AAA’s Your Driving Costs (YDC) has been a reliable data source for the expenses associated with owning and operating a brand-new vehicle for more than seven decades. Based on the latest figures, the average cost of owning and operating a new vehicle in 2023 has increased significantly, with an annual expense of $12,182 or a monthly cost of $1,015. This is a sharp increase from 2022 when the average yearly cost was only $10,728, or $894 monthly.
The overall average manufacturer’s suggested retail price (MSRP) of the new vehicles in the 2023 YDC study is $34,876. This is $1,575 (4.7%) higher than last year. It is important to note that MSRP does not always correspond to a consumer’s actual purchase price and may vary depending on demand. Furthermore, a higher sticker price directly impacts finance costs, with this year’s vehicles boasting an average annual finance charge of $1,253, a staggering 90% increase from the previous year.
The change in the annual cost of owning a new vehicle is also likely driven by:
- Depreciation, which is the difference between the car’s value upon purchase and the value of the car when sold. According to this year’s YDC projections, new vehicles are expected to depreciate by an average of $4,538 per year over five years of ownership, up 24% over 2022.
- The jump in new vehicle prices (up almost $1,600) compared to used vehicle values that have experienced a decline in the past year.
- Automakers across the board have focused on producing more oversized, luxurious, and expensive vehicles, loaded with extra features that bump up prices even more.
Compared to last year, one of the higher annual cost categories was fuel, but this year’s average cost per mile has decreased by roughly 2 cents per mile. It’s worth noting that the cost of charging EVs has actually increased, by almost 2 cents per kWh over last year, from 13.9 cents per kWh to 15.8 cents per kWh. The increase is likely accounted for by higher-than-expected inflation, according to the U.S. Energy Information Administration (EIA).
Given their size, fuel economy, and prices, it should come as no surprise that ½-ton pickups have the highest average driving cost among all vehicle categories covered in the YDC study. Interestingly, the pickup truck market has slowed over the last 12 months as gas prices trend high and financial costs climb. Pickup trucks excel at hauling and towing, although many buyers do not use them for these purposes. Potential buyers should remember that the unique capabilities of pickups come at a high cost of over $1 per mile.
“The once popular pickup truck is now seeing a slight decline in demand as these vehicles have become increasingly expensive, rivaling the price of many luxury cars,” said Brannon. “As interest rates continue to climb, this adds a layer of expense per month that consumers should consider when shopping for their next vehicle.”
AAA CAR BUYING ADVICE
With the purchase price being so high and impacting other cost categories, it’s important to remember these car-buying tips:
- Know all the expenses associated with ownership to negotiate the best deal.
- Start early! Due to limited inventory, consumers may have fewer choices regarding a specific vehicle model. They may have to wait for delivery or even pre-order the vehicle of their choice.
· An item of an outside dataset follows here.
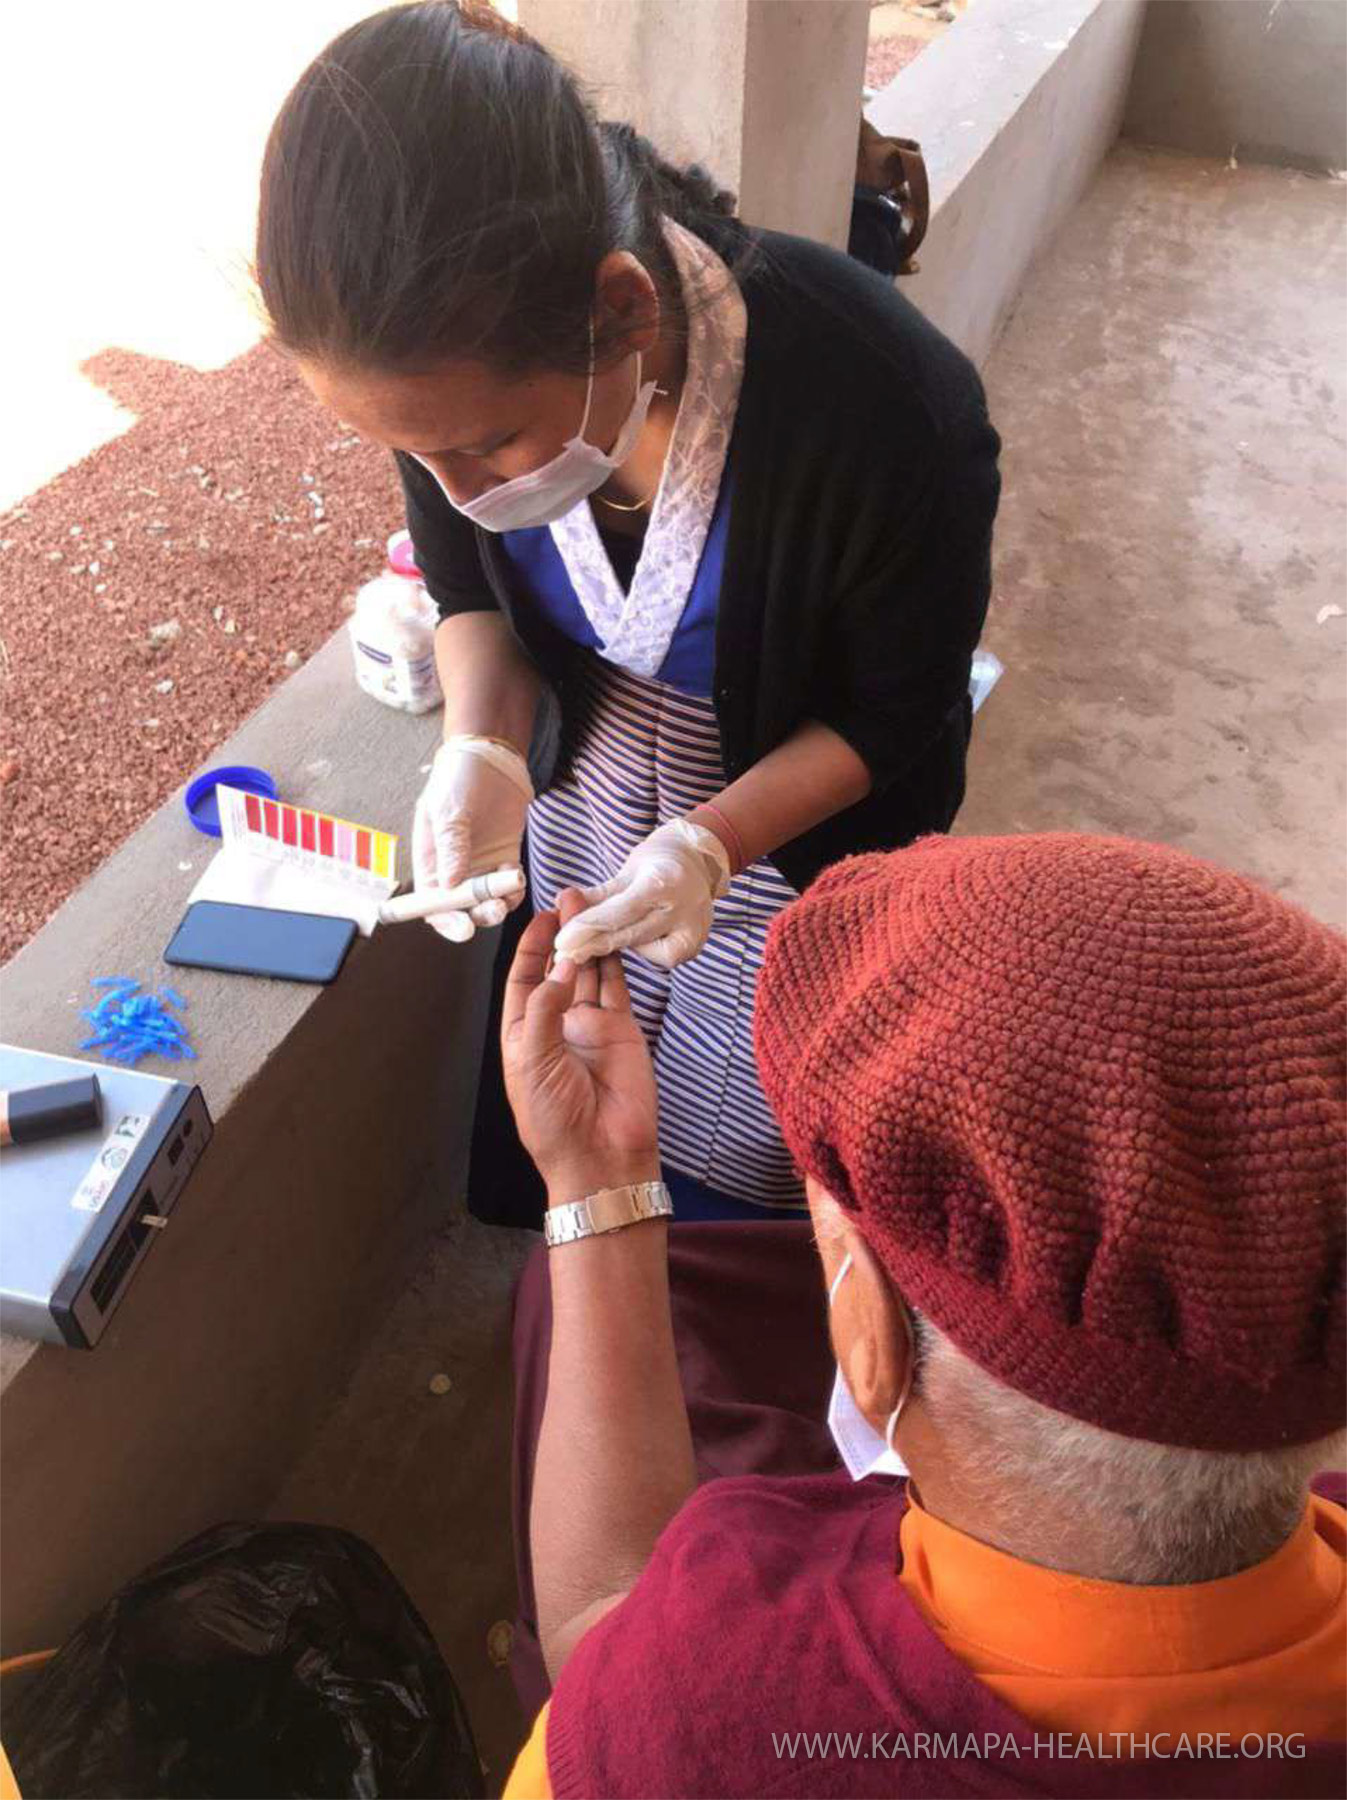 COVID-19 KHCP Medicalcamp at Dhargye Chokhor Ling Monastery Bodhgaya
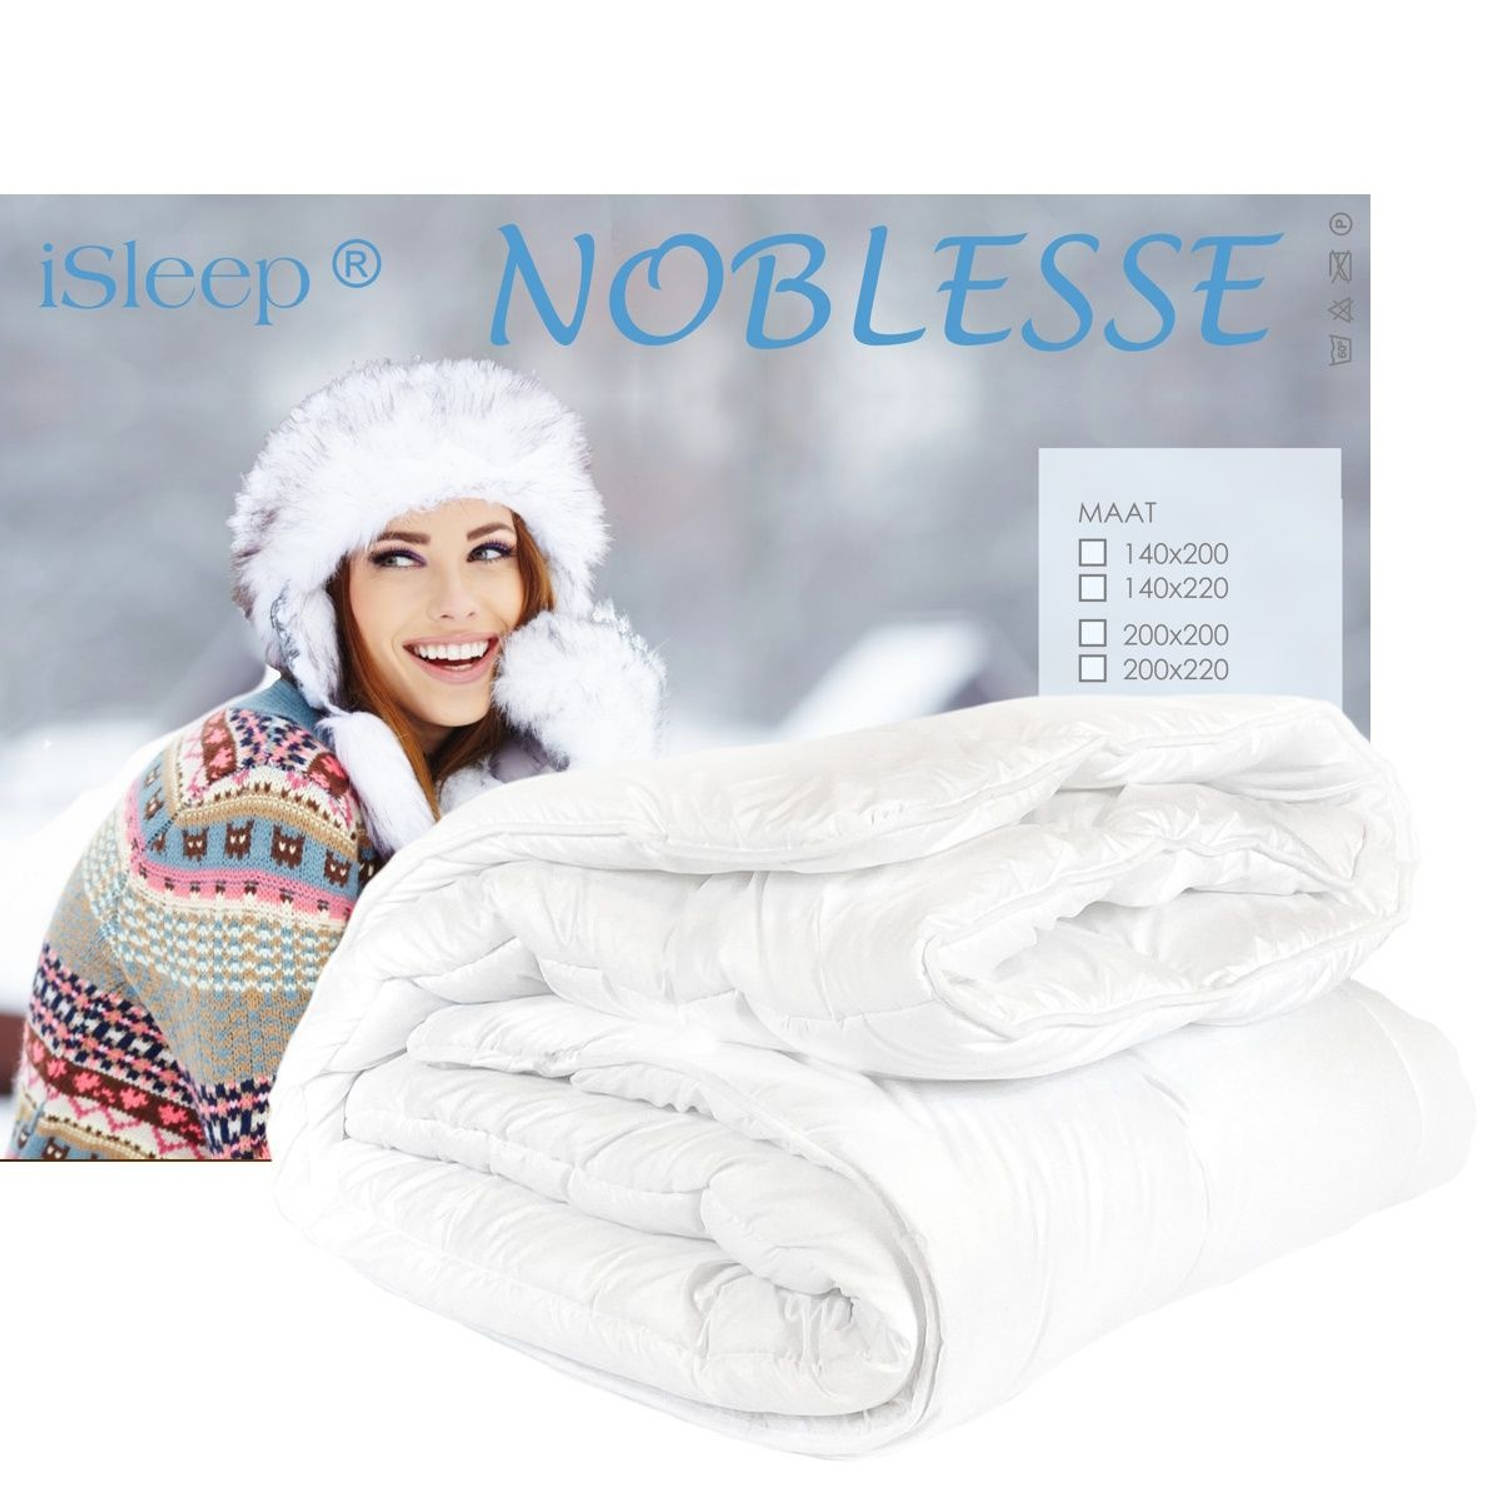 iSleep Noblesse Dekbed - Enkel - Litsjumeaux - 240x200 cm - Wit

- Before discussing finance rates with the car dealer, obtain pre-approval from their financial institution (e.g., Bank, Credit Union, AAA, etc.). By getting pre-approval, they will have a threshold of the best lending rate they’ll pay. Buyers can use their pre-approval to negotiate if the dealer offers a higher rate.
- Create a budget and factor in the different elements of ownership before purchase – not just monthly payments. Other factors to consider when making the budget include insurance, gas, routine maintenance, etc.
- Typically, three negotiations occur when purchasing a vehicle – the cost of the car, the finance rate, and the trade-in value. Keep each transaction/negotiation separate from the other.
- The Purchase Cost: Check multiple websites, including the manufacturer, to understand what the vehicle sells for in your area. You could save hundreds of dollars by driving outside of your immediate location and expanding your search area.
- The Finance Rate: The biggest factor in obtaining a favorable interest rate is one’s credit score. Higher credit scores will result in lower interest rates. Obtain pre-approval for an auto loan, determine the highest interest rate you might be charged, and then ask the dealer if they can offer a lower interest rate. If they can, you save money.
- The Trade-In Value: While evaluating your trade-in, you must determine the vehicle’s condition. Most used vehicles fall into the “good” or “fair” category, which is the most common. To determine the value, check various websites to learn the average trade-in value. *Remember, selling a vehicle independently on your own may increase the value amount you may receive for the vehicle. However, there are safety aspects to consider, proper paperwork, bill of sale, etc. Trading the vehicle can often be easier and hassle free.
The Your Driving Costs online calculator provides an interactive and personalized breakdown for car shoppers that uses the same methodology as AAA’s annual analysis of new car ownership. Consumers can view comprehensive cost analyses of a specific vehicle by category to determine if ownership costs best align with their budget. Data is available for new and used vehicles (five model years back), and consumers may customize the results based on location and other personal driving tendencies.